-------- INFORMATION SHOWN

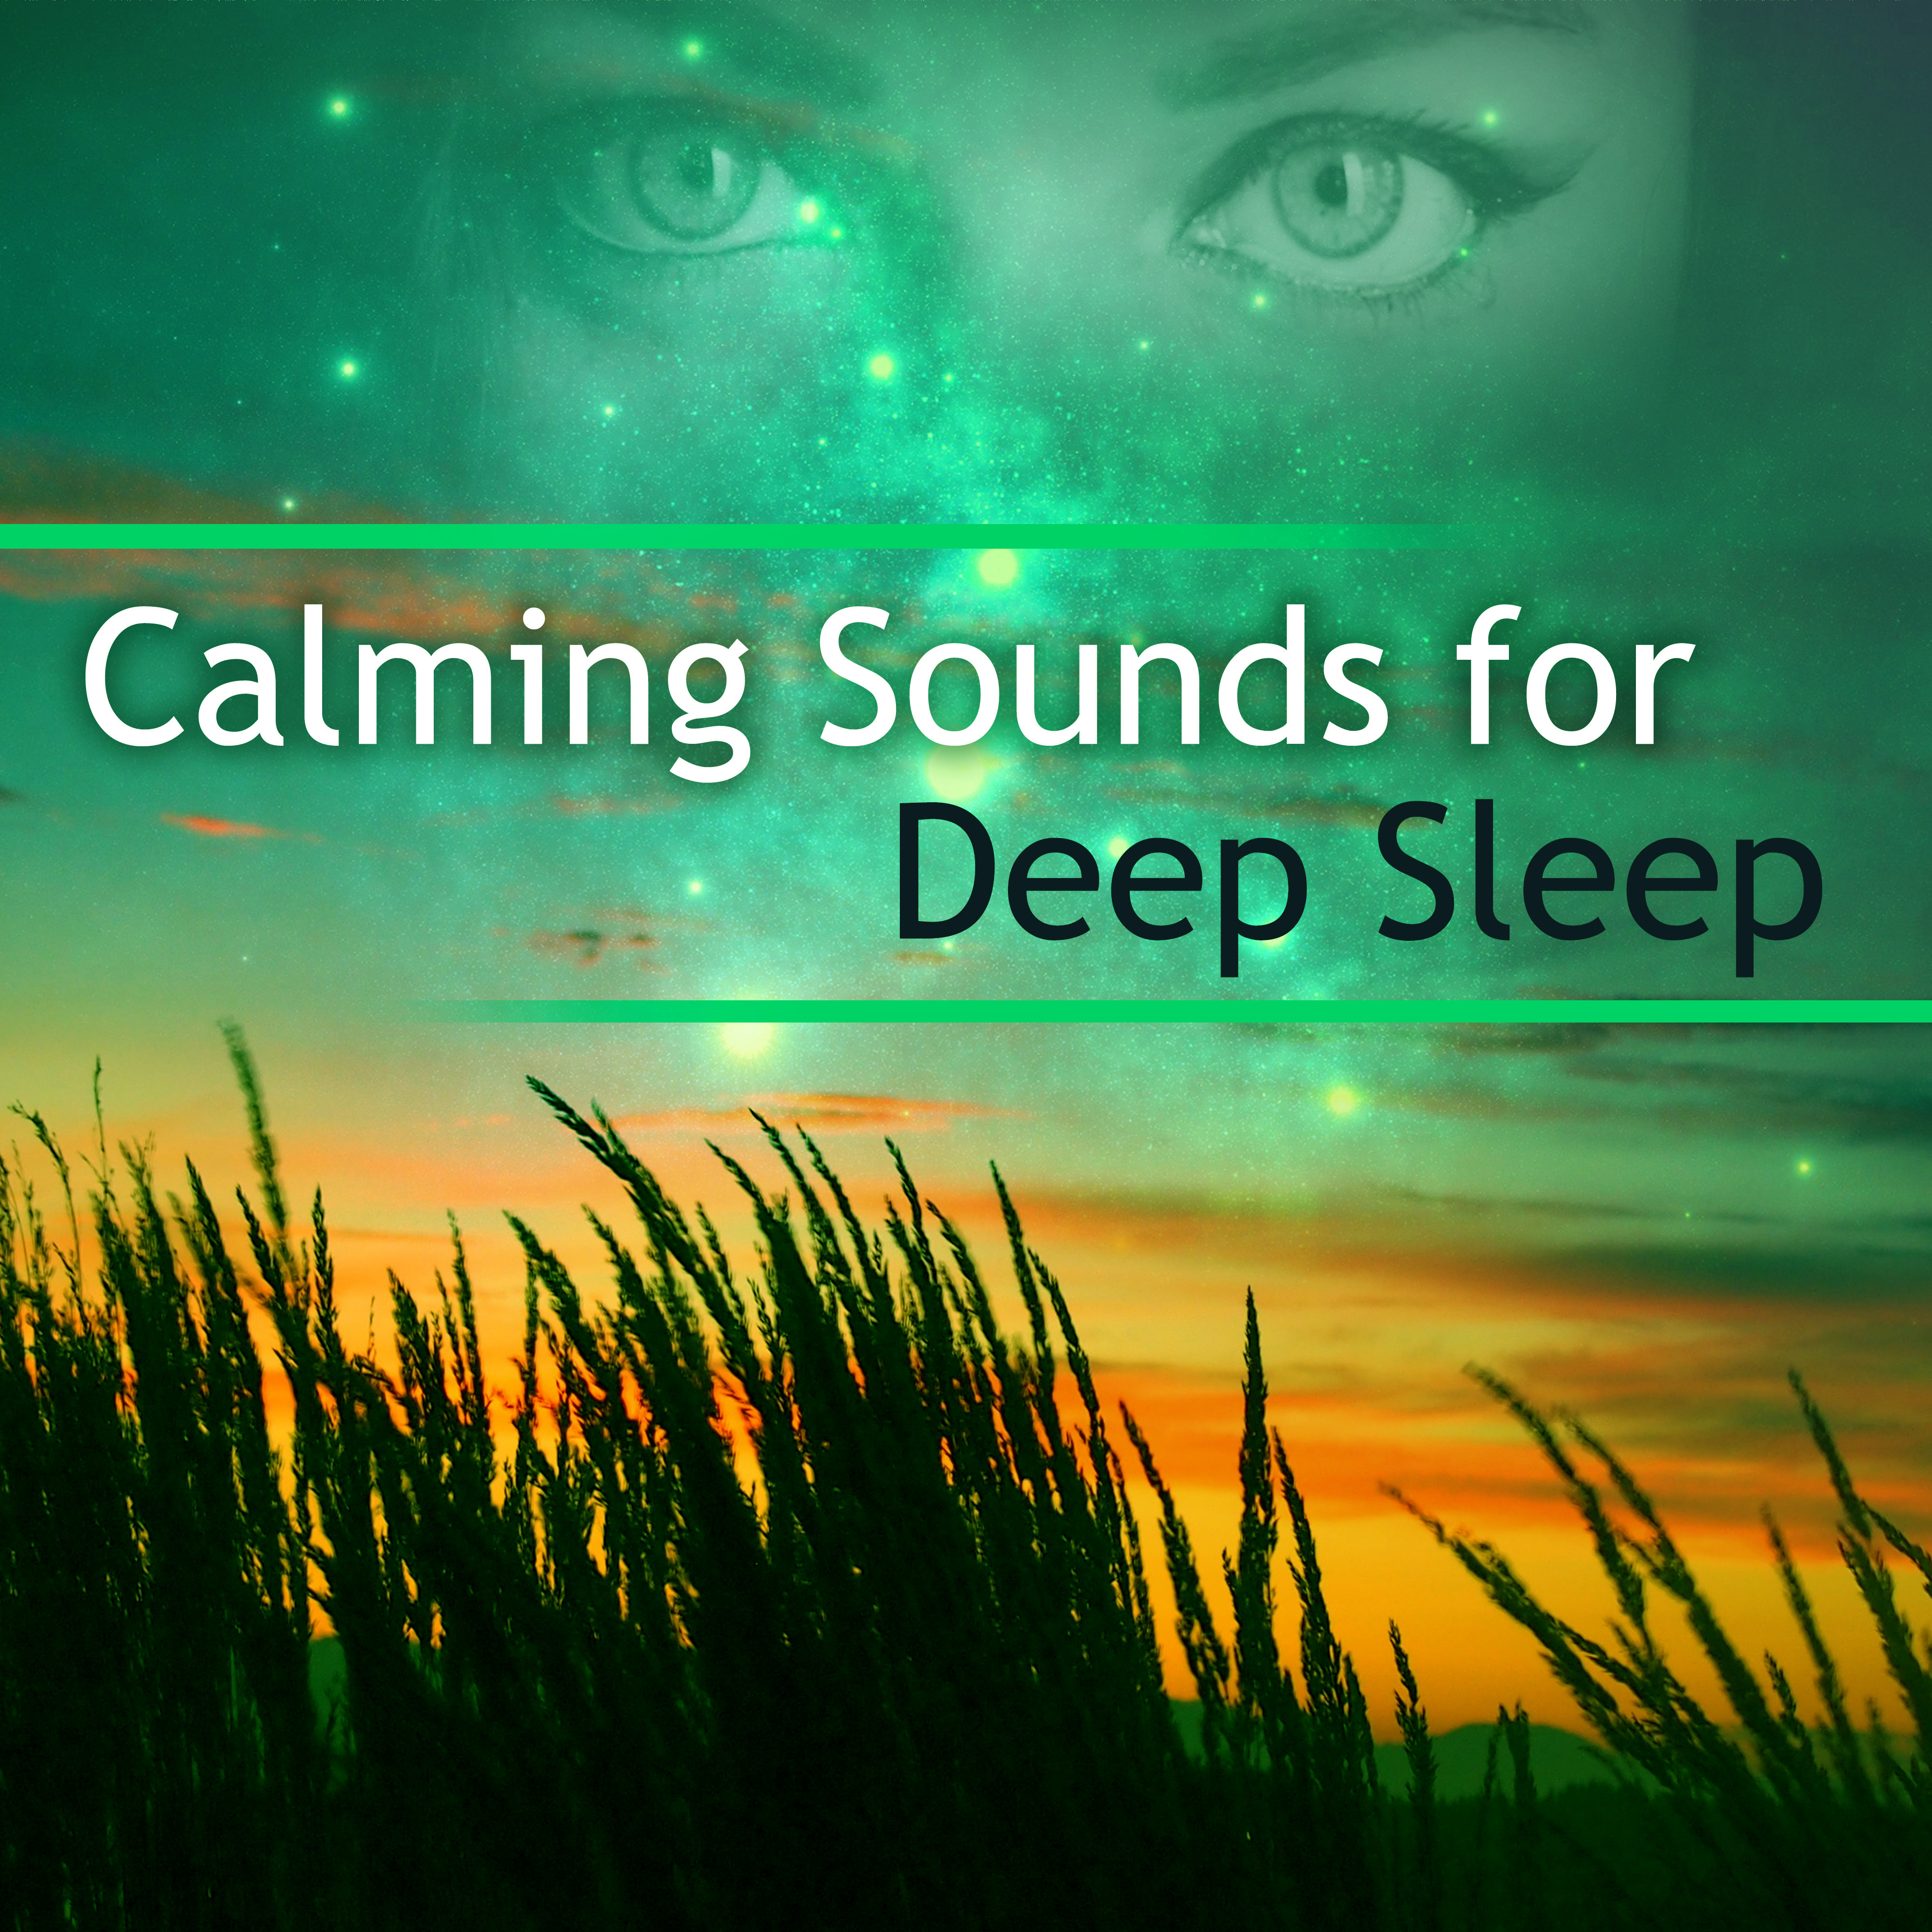 Calming Sounds for Deep Sleep  Stress Relief, Deep Sleep, Soothing Sounds, New Age Relaxation, Peaceful Night
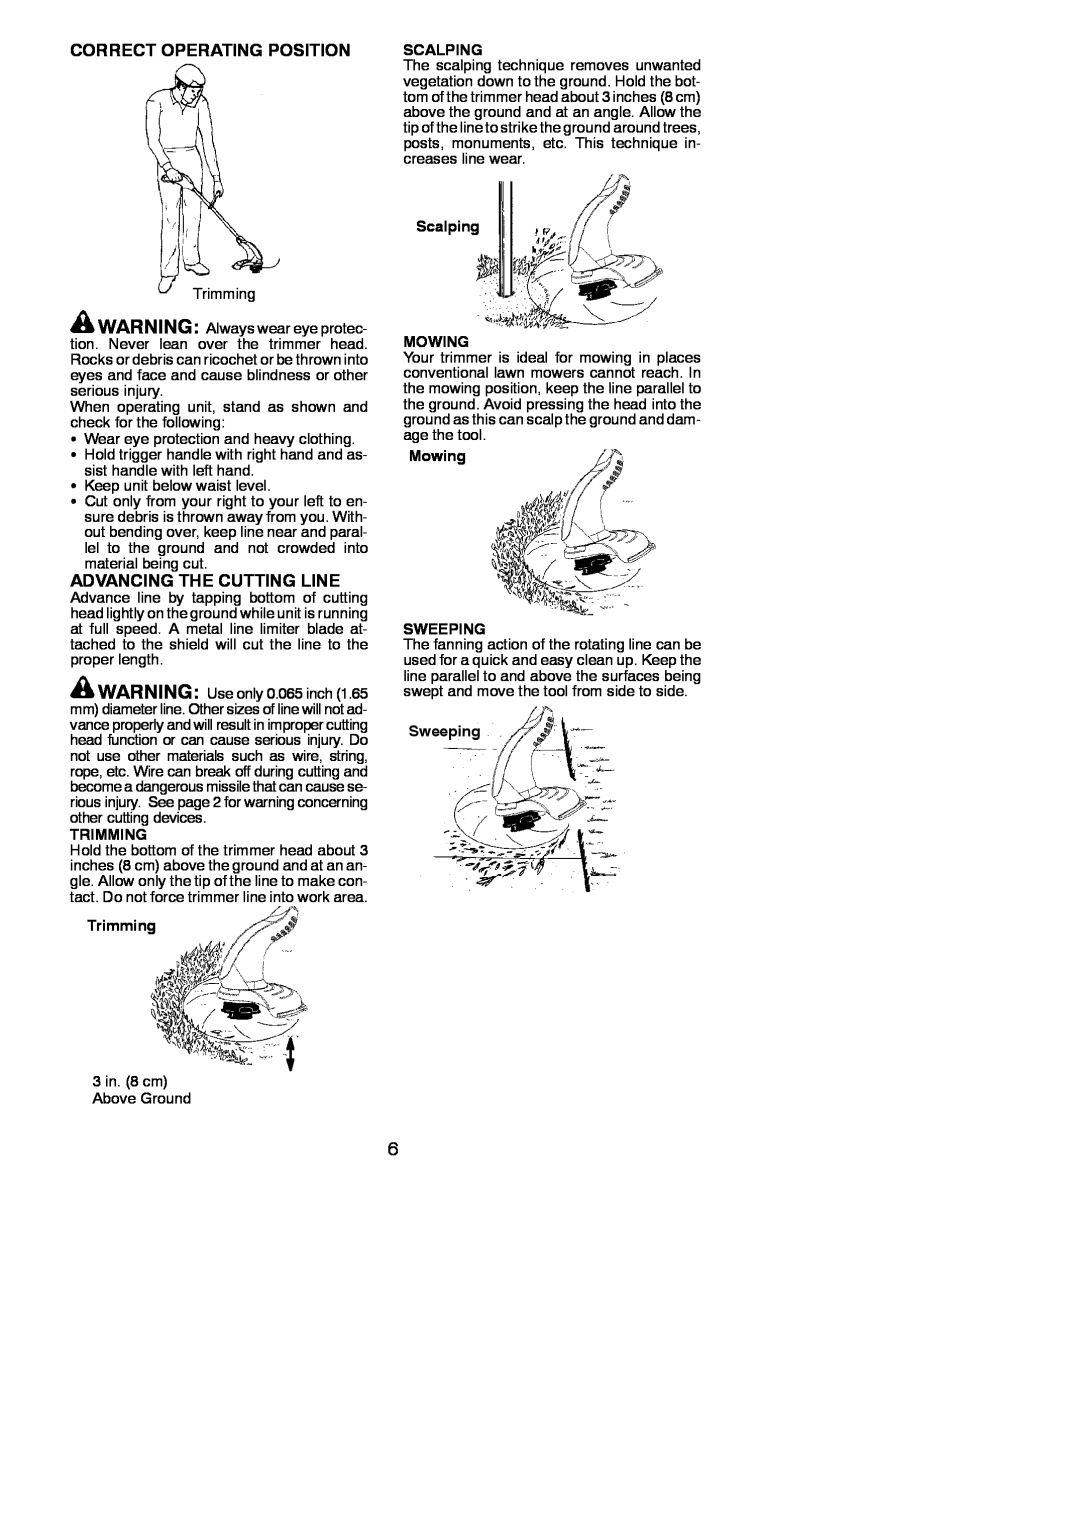 Weed Eater 545117526 instruction manual Trimming, Scalping MOWING, Mowing SWEEPING, Sweeping 
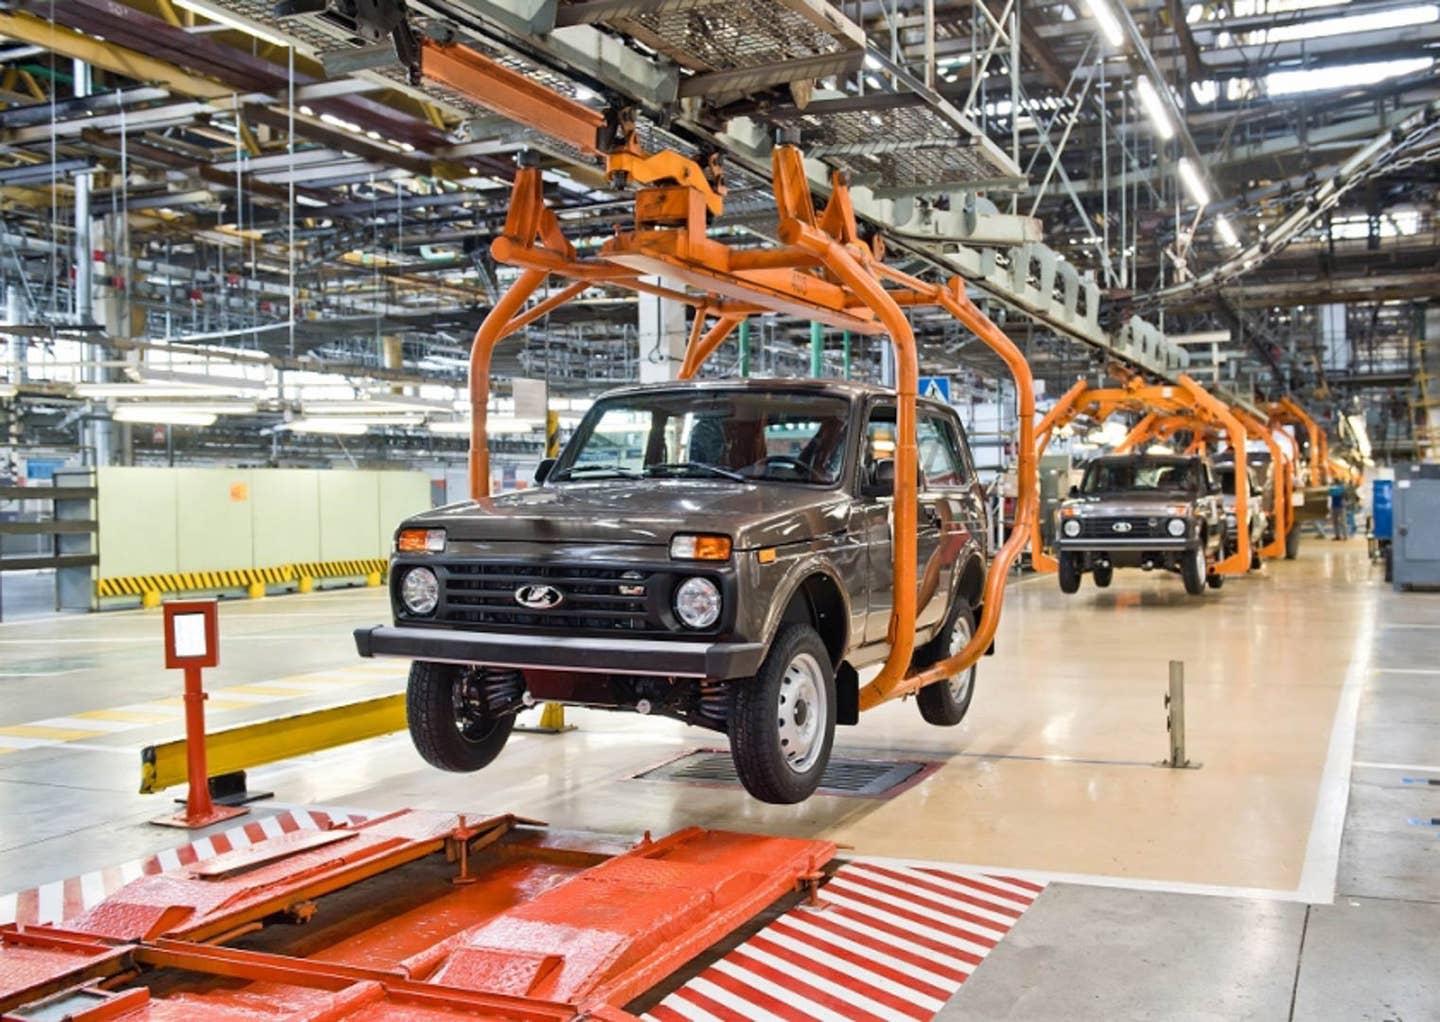 Russia’s Lada Niva Resumes Production After Sanctions With Even Less Tech Than Before

----------------

● **WHAT THE EXERCISE ASKS**
Write the material above out again exactly as it reads, but don't carry over the pictures.

● **ANSWER**
 Calming Sounds for Deep Sleep  Stress Relief, Deep Sleep, Soothing Sounds, New Age Relaxation, Peaceful Night
 Weed Eater 545117526 instruction manual Trimming, Scalping MOWING, Mowing SWEEPING, Sweeping 
 Russia’s Lada Niva Resumes Production After Sanctions With Even Less Tech Than Before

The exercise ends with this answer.